TASK DETAILS:
Transcribe the listing in full, excluding any pictures.

PROVIDED MATERIAL:
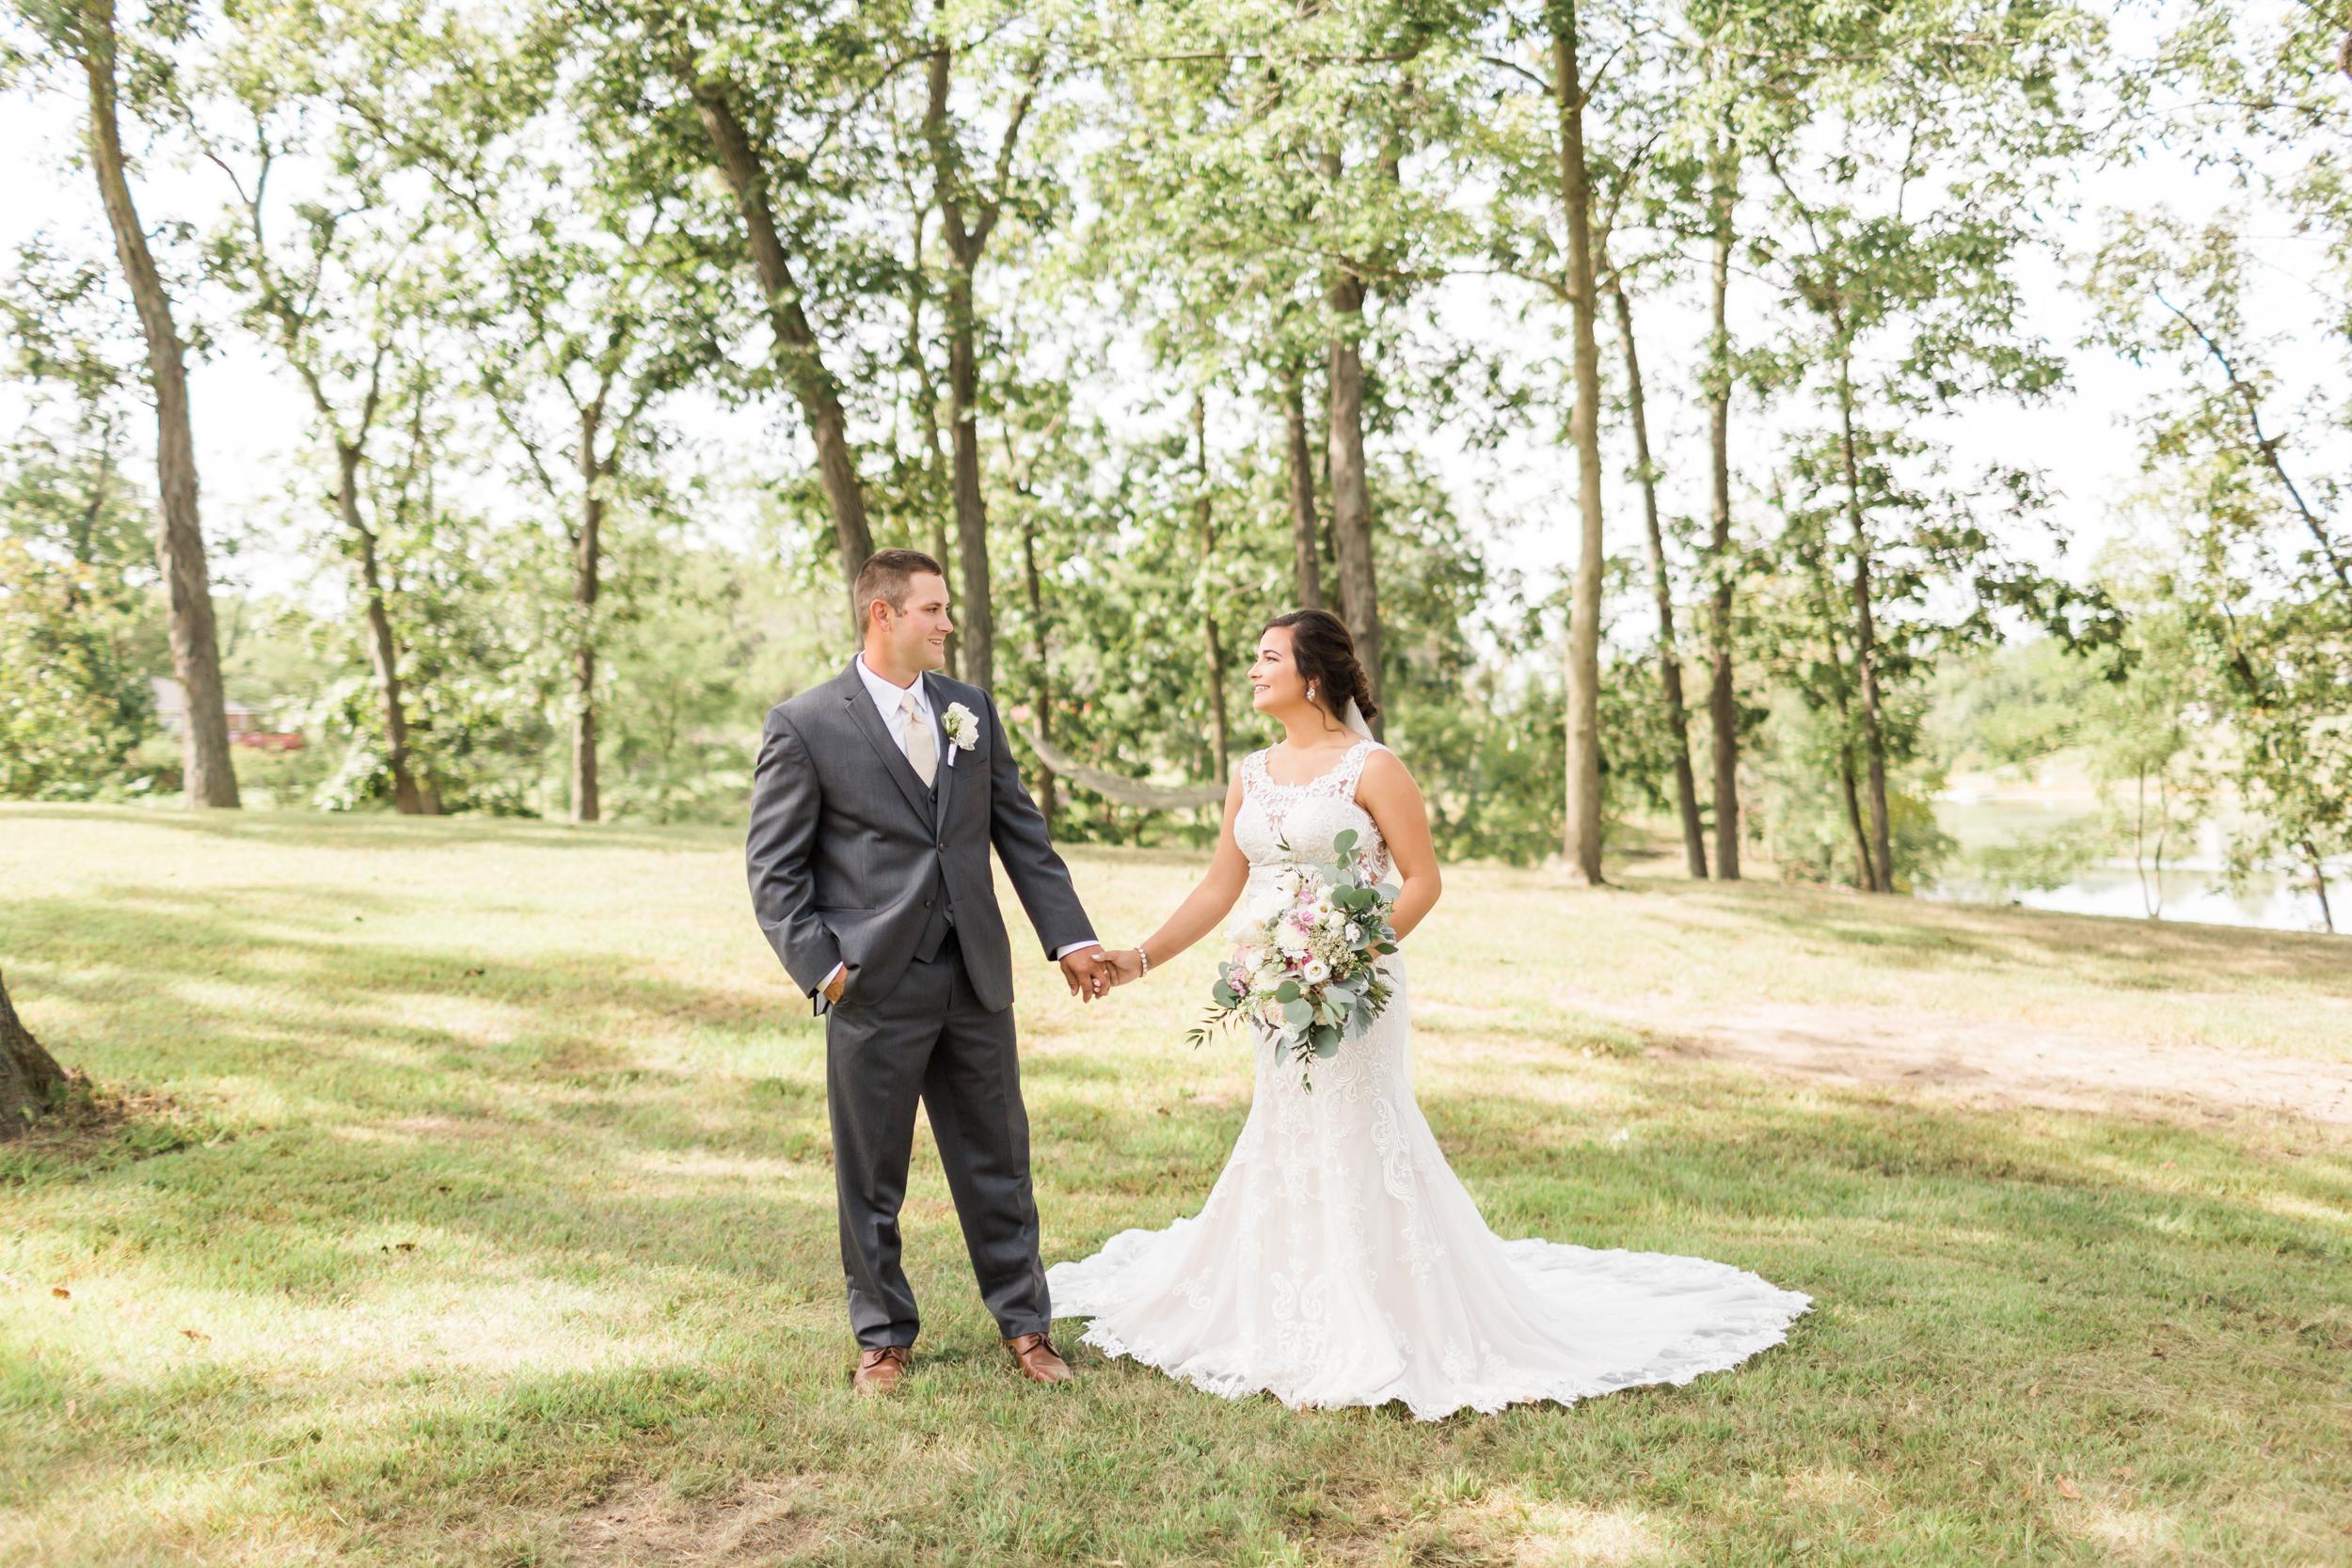 romanticcountrywedding--39.jpg
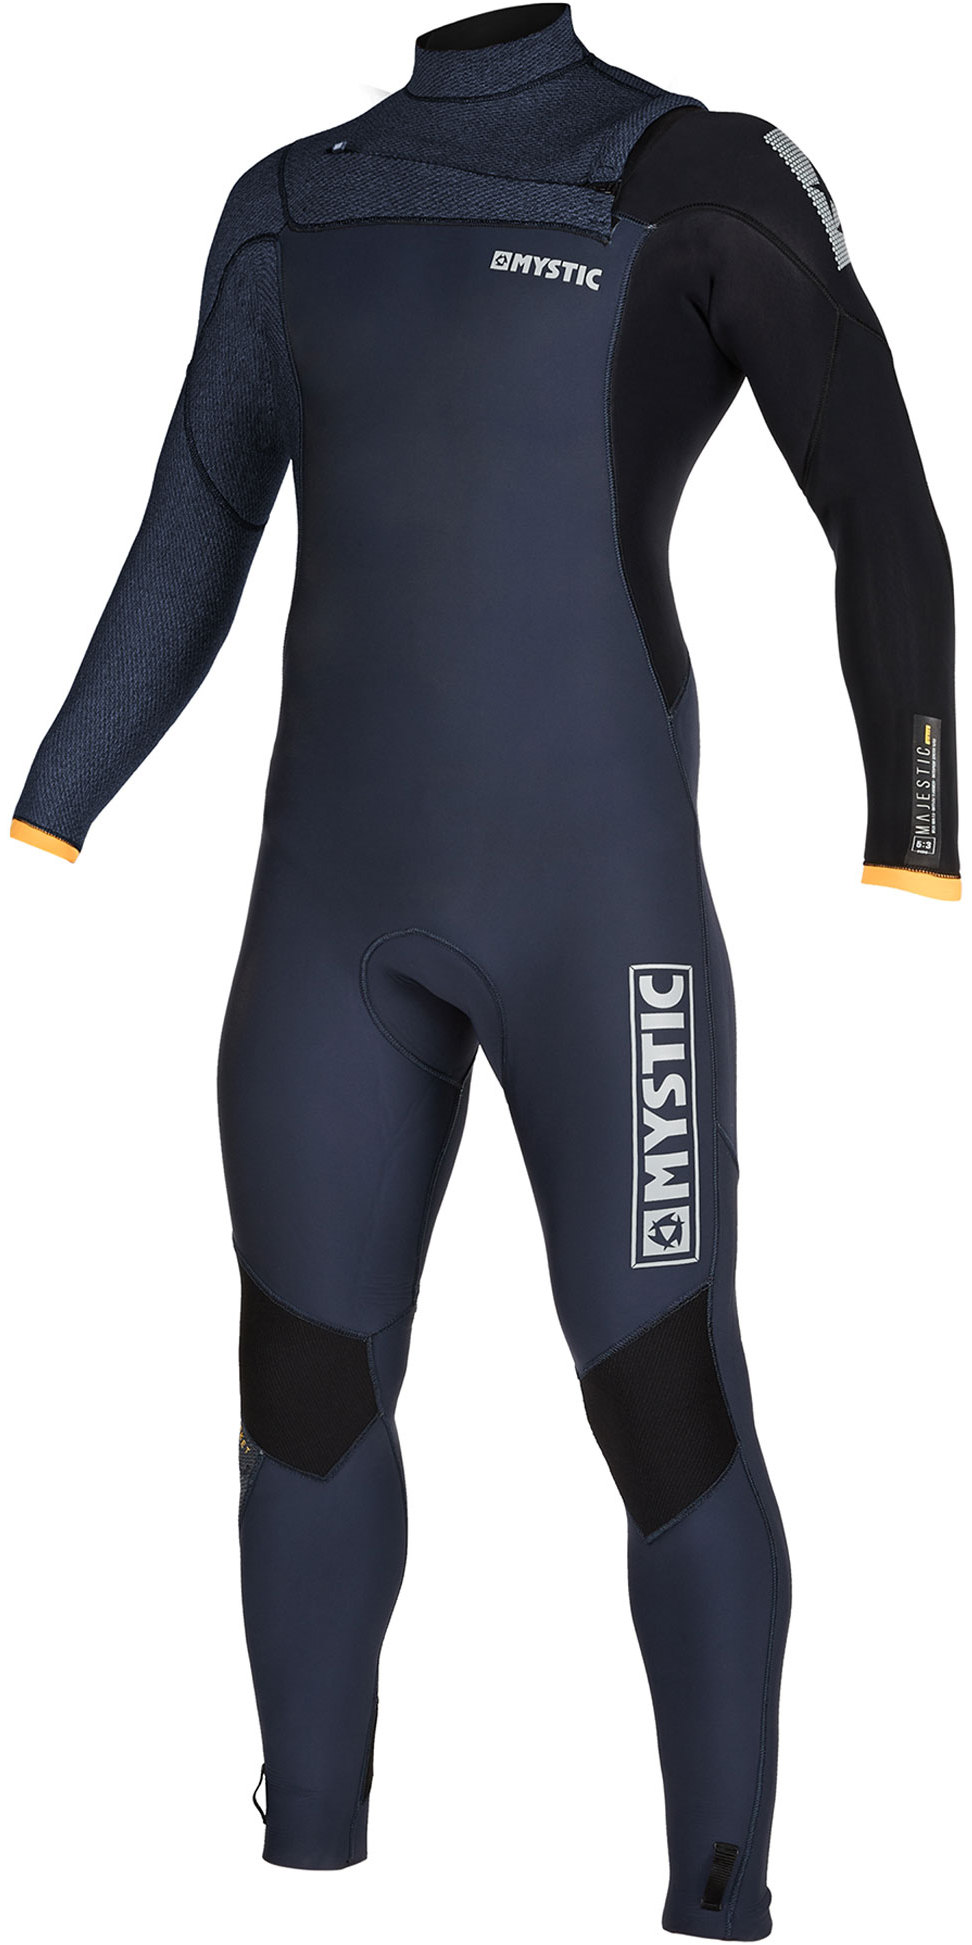 2019 Mystic Mannen Majestic 5/4/3mm Chest Zip Wetsuit 200002 - Navy
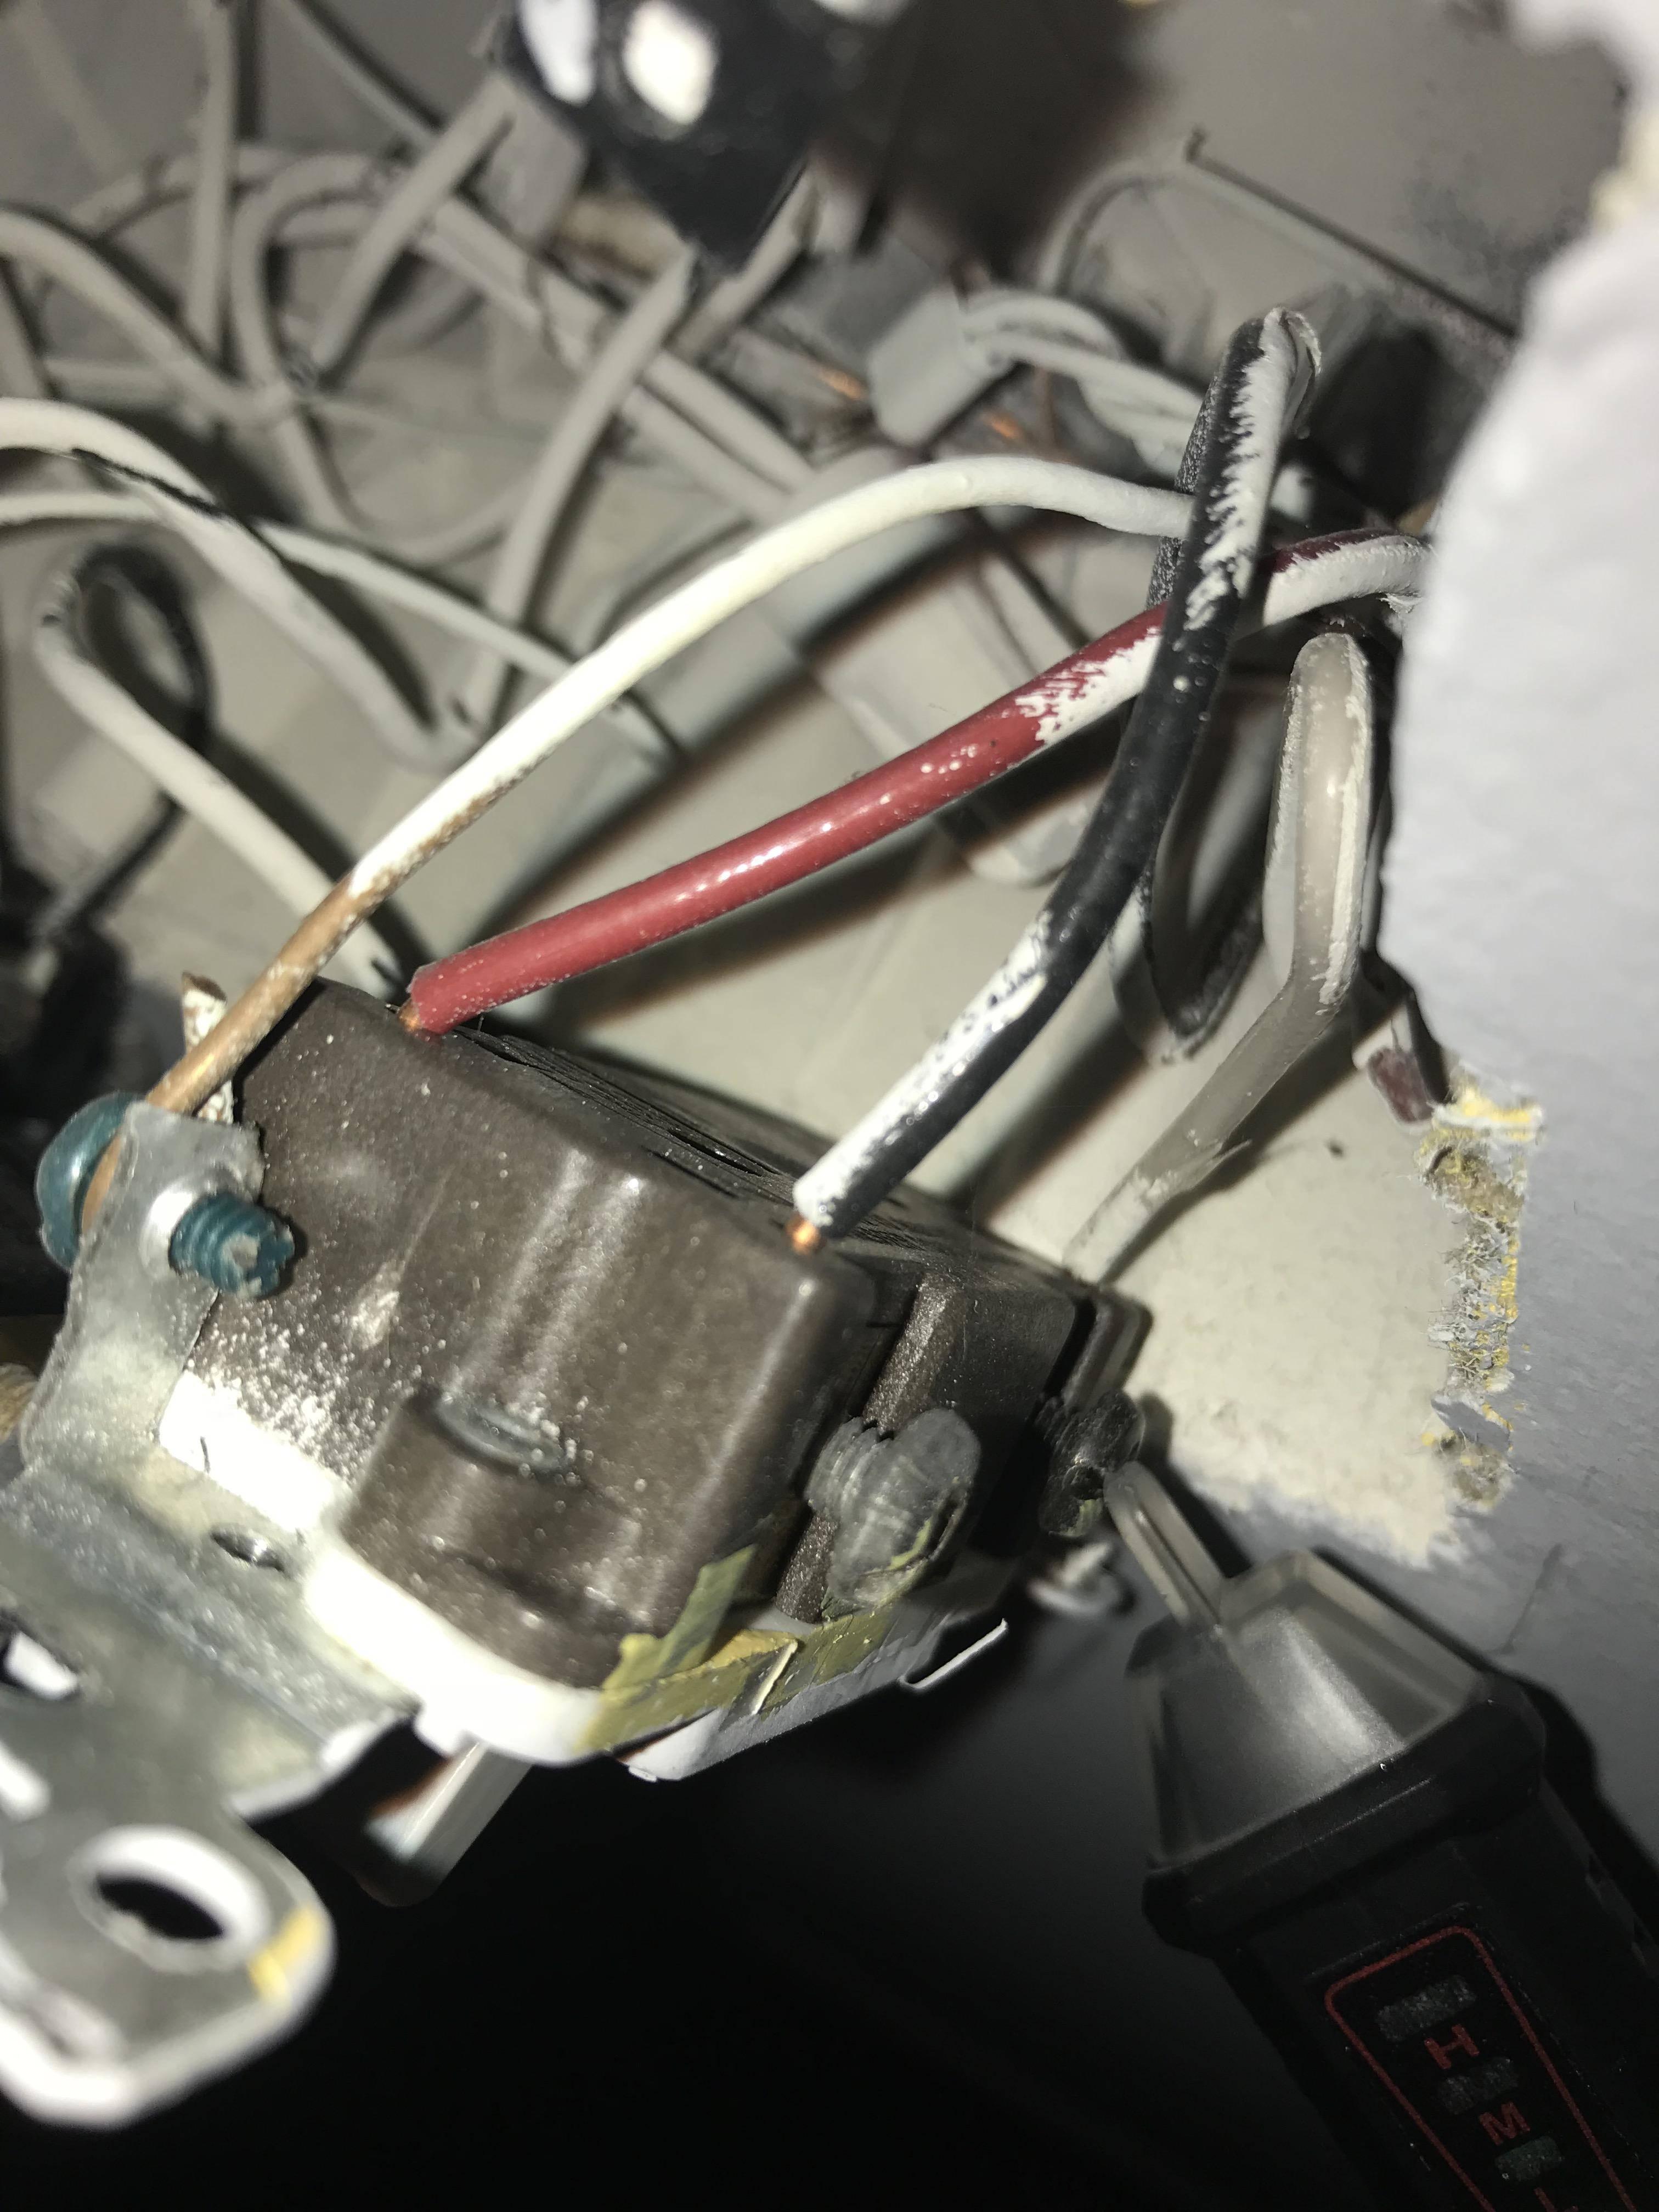 4 Way Light Switch Not Working

YOUR RESPONSE:
 romanticcountrywedding--39.jpg
 2019 Mystic Mannen Majestic 5/4/3mm Chest Zip Wetsuit 200002 - Navy
 4 Way Light Switch Not Working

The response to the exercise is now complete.